Terlebih, sekitar 5.500 mahasiswa ITB telah mendapatkan surel (email) terkait kewajiban kerja paruh waktu sebagai bentuk timbal balik dari program beasiswa UKT.
“Surel tersebut dikirimkan dengan inisiatif secara sengaja untuk memancing diskusi oleh berbagai pihak, dengan antisipasi bahwa akan ada gelombang penolakan dari berbagai pihak,” terang Fidela Marwa Huwaida pada keterangan resmi di Bandung, 25 September 2024.
Pasalnya, mahasiswa yang menolak untuk bekerja paruh waktu akan dievaluasi atau diputus beasiswa keringanan UKT-nya pada semester berikutnya.
Parahnya lagi, mahasiswa yang menjalankan kerja paruh waktu ini tidak mendapatkan perjanjian kerja ataupun upah karena dianggap sebagai timbal balik atau rasa terima kasih kepada almamater yang memberikan keringanan biaya UKT.
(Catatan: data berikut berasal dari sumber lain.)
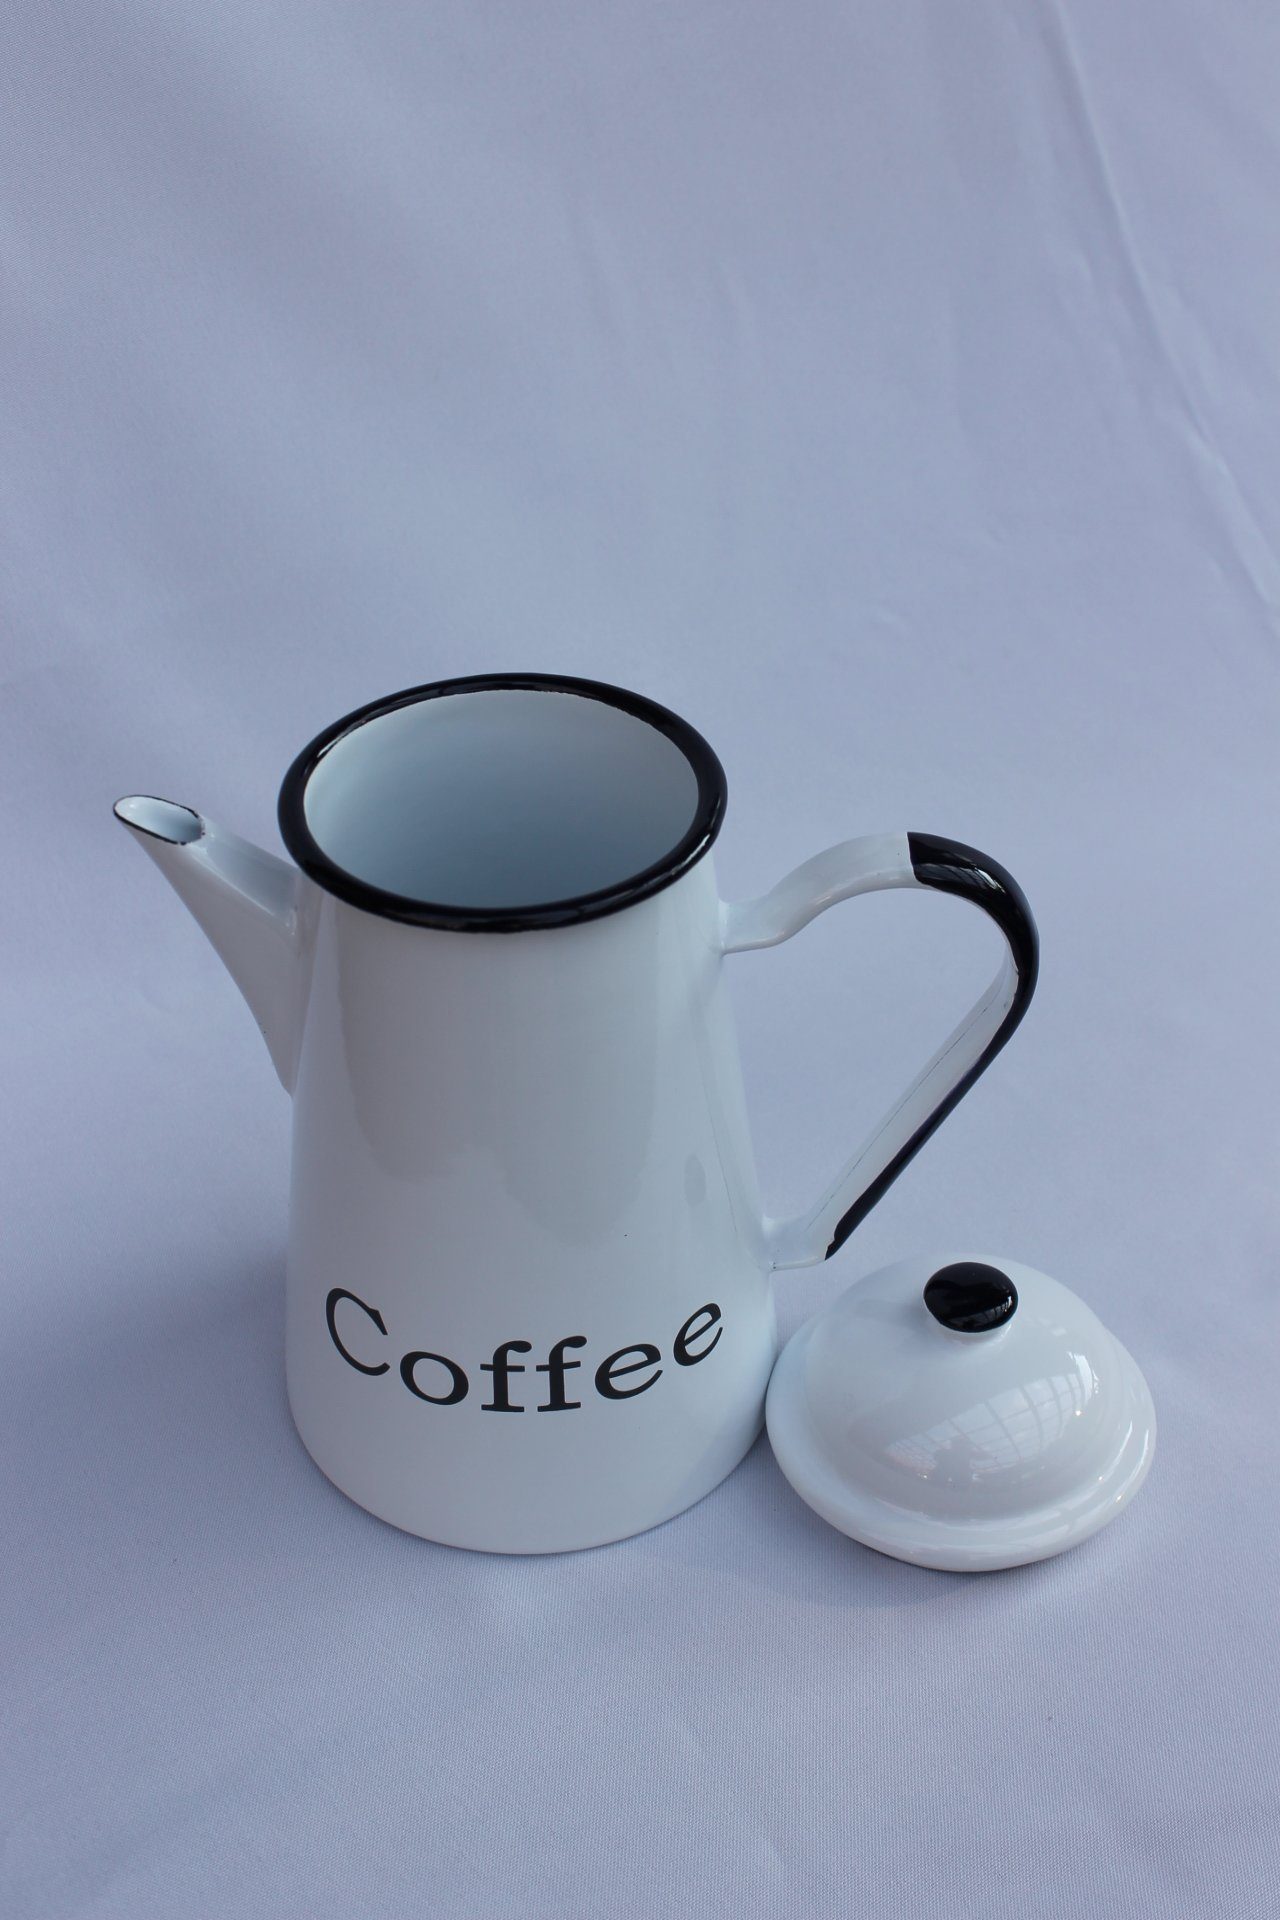 emailliert 578TB Emaille 1,0 Teekanne Nostalgie L cm Kaffeekanne Wasserkanne Coffee 22 DanDiBo Kanne Kaffeekanne

“Pihak pimpinan ITB menolak untuk memberikan surat perjanjian kerja karena merasa kebijakan timbal balik merupakan moral diri mahasiswa ITB yang telah dibantu oleh ITB,” sebut Fidela.
“Dirdik ITB menganggap bahwa kerja paruh waktu dianggap sebagai kontribusi, bukan eksploitasi, dan tidak akan diberi upah sebagai tanda terima kasih ke ITB,” tambahnya.
Dengan adanya program kerja paruh waktu ini, Dirdik ITB menilai mahasiswa akan lebih menghargai bantuan dari ITB dan tidak berpikir seperti penerima bantuan langsung tunai (BLT) yang menurutnya memiliki tingkatan yang lebih rendah.
“ITB menginginkan agar mahasiswa ITB lebih setara,” tandasnya.
Kekhawatiran mengenai isu ini meningkat karena disebut bersifat wajib.
Hal ini berbanding terbalik dengan surel dan formulir yang perlu diisi mahasiwa dengan ancaman evaluasi beasiswa tersebut.
Formulir yang dikirimkan terkait kewajiban kerja paruh waktu untuk penerima beasiswa UKT diklaim sebagai kegiatan opsional yang dilakukan oleh mahasiswa untuk membantu sistem pengajaran maupun layanan di ITB.
Namun, hingga saat ini belum ada jaminan bahwa tidak ada pencabutan hak pengurangan UKT bagi yang tidak bekerja paruh waktu.
Adapun saat ini status kebijakan tersebut masih dalam kondisi ditunda oleh pimpinan ITB mengingat kondisi keberterimaannya oleh seluruh pihak.